The article “Long Covid in Persons with Self-Reported Arthritis – Symptoms, Associated Factors and Functional Limitations” by Debbie Ehrmann Feldman and Barbara Mazer explores the impact of long Covid on individuals with arthritis. Presented at ACR Convergence 2023, the study focused on the persistence of Covid-19 symptoms beyond 12 weeks in individuals with a history of arthritis and how these symptoms affect their daily lives and functional abilities.

The study surveyed 2764 people who had confirmed Covid-19, out of which 171 reported a history of arthritis. Using detailed questionnaires, the researchers analyzed the prevalence of long Covid symptoms and the associated factors. The findings revealed that 53.5% of the participants with arthritis continued to experience symptoms such as fatigue, myalgia (muscle pain), weakness, breathlessness, low mood, anxiety, and sleep disturbances.

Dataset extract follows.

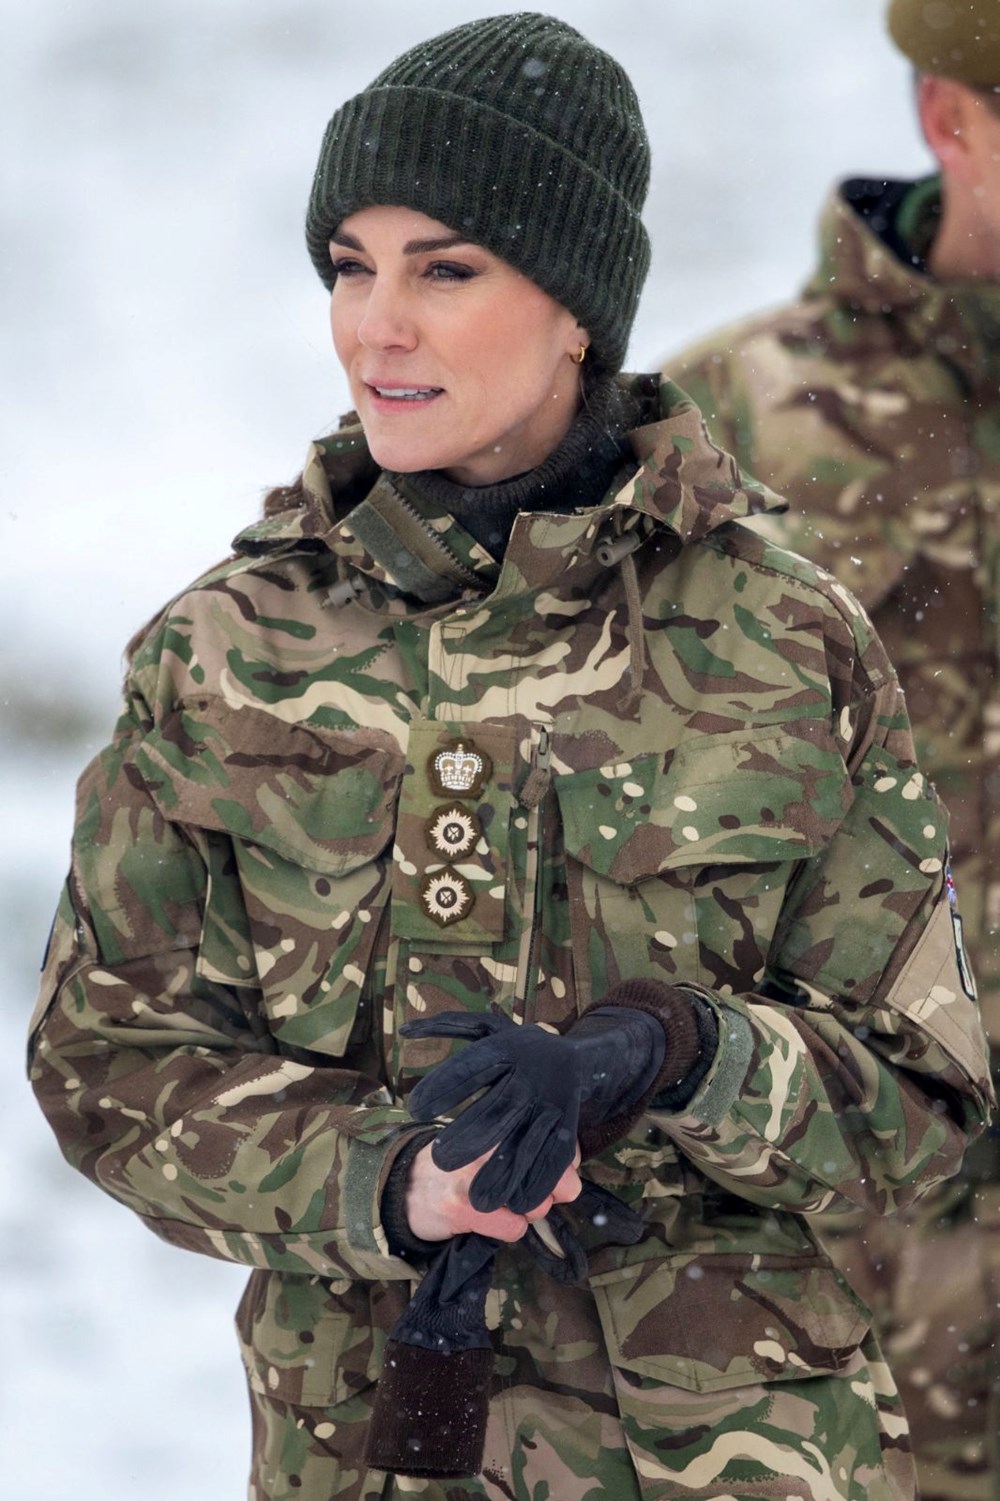 Prenses Kate Middleton askeri üniforma giydi - 5

Several factors were linked to an increased risk of long Covid, including being female, having been hospitalized for Covid-19, and having other chronic diseases. The study highlighted a significant decline in functional status among those with long Covid, with notable deteriorations in global health, mobility, personal care, daily activities, and employment. For instance, the number of participants facing major problems with daily activities increased from 9.3% before Covid to 52.5% after developing long Covid. Fatigue and pain also saw marked increases in severity.

The conclusion drawn from the study is that individuals with arthritis who develop long Covid face substantial challenges in their functional and daily activities. The authors stress the need for effective interventions to improve the functional status of this vulnerable group.